Starting to get a bit blowy up here, team. Hope all the FNQers are bunkered down and safe.

----------


## Godzilla73

Good luck up there boys and girls...  :2thumbsup:

----------


## Black Cat

Putting in a word for you with Him Upstairs ... it doesn't look good. Let us know how you get on won't you ...

----------


## Oldsaltoz

did you see the signs some of the shops had on the widow boards? 
"Kiss my Yasi" and "We don't serve cyclones here" 
We lost power from 2 am to 10 am.

----------


## Stan 101

Glad you're okay oldsaltoz, got through relatively unscathed. Trees down in the yard. One on the roof. Other than that all good, suprisingly. 
cheers,

----------


## Oldsaltoz

> Glad you're okay oldsaltoz, got through relatively unscathed. Trees down in the yard. One on the roof.

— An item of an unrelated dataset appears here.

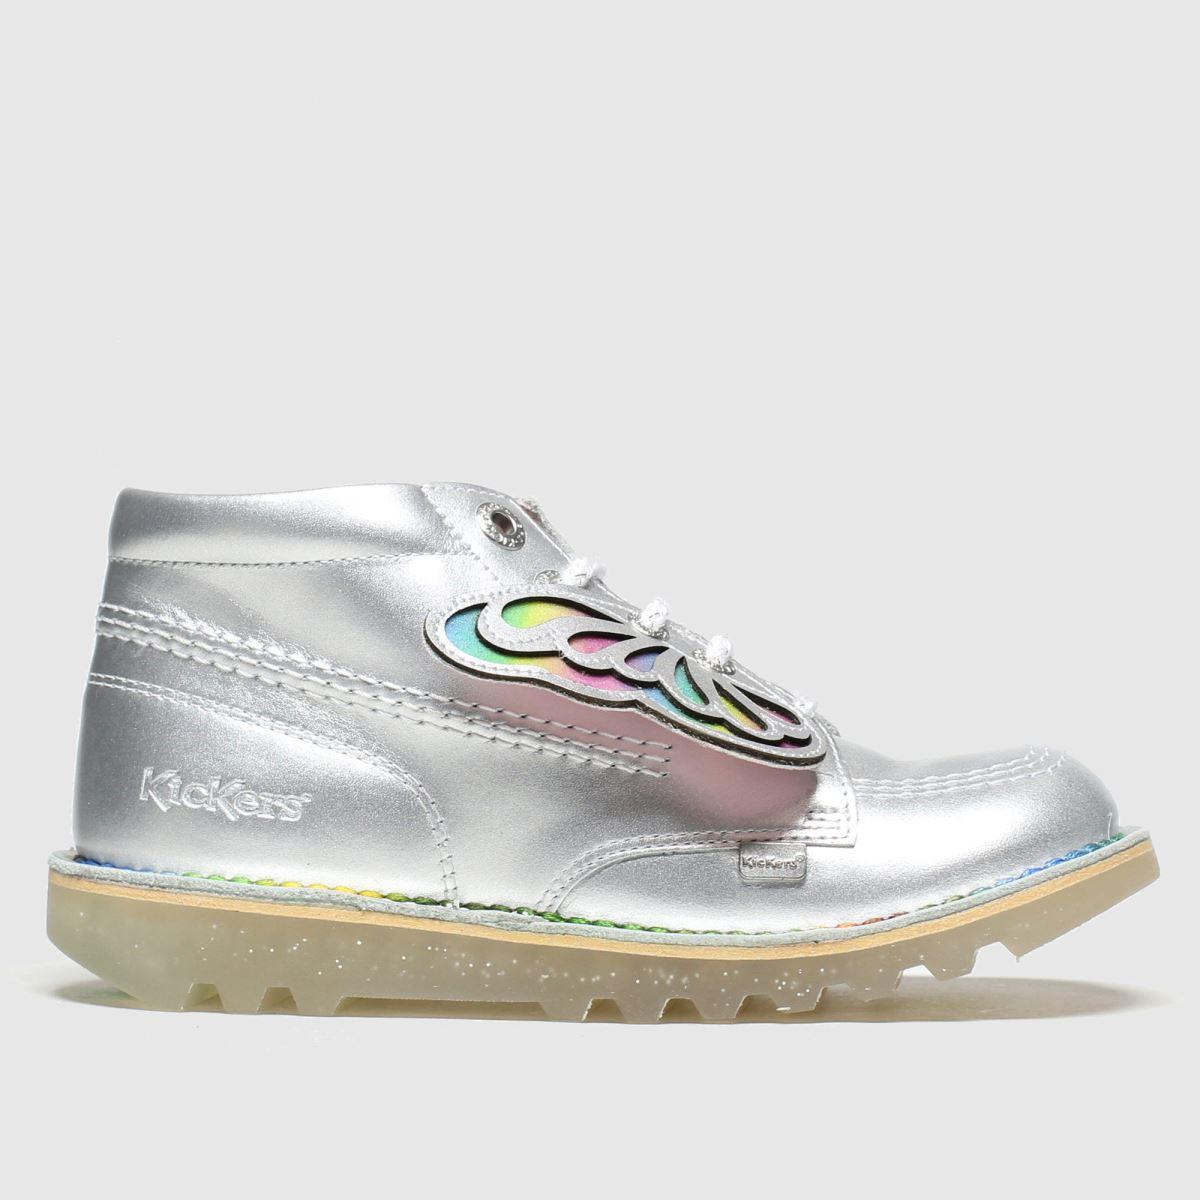 Kickers Silver Kick Hi Faeries Boots Junior

Other than that all good, suprisingly. 
> cheers,

  Luck Stan will be your next forum nick name Stan. 
Well done, good to hear not everyone suffered. 
Good luck.

----------


## Black Cat

Glad you both got through relatively unscathed. Must have been a bit hairy for a while there ...

----------


## Oldsaltoz

Long story short, boat in Cairns, son wanted to stay aboard, 04:30 am managed to talk him out of it. Returned next mornig and boat gone. :Yikes2:  
Later found in Trinity inlet with bows in the mangroves, some rudder and rail damage, got her out ok but I have some fibreglassing work ahead of me. :Eek:

----------


## Black Cat

That would have made for some interesting sailing. Glad you talked some sense into him.

----------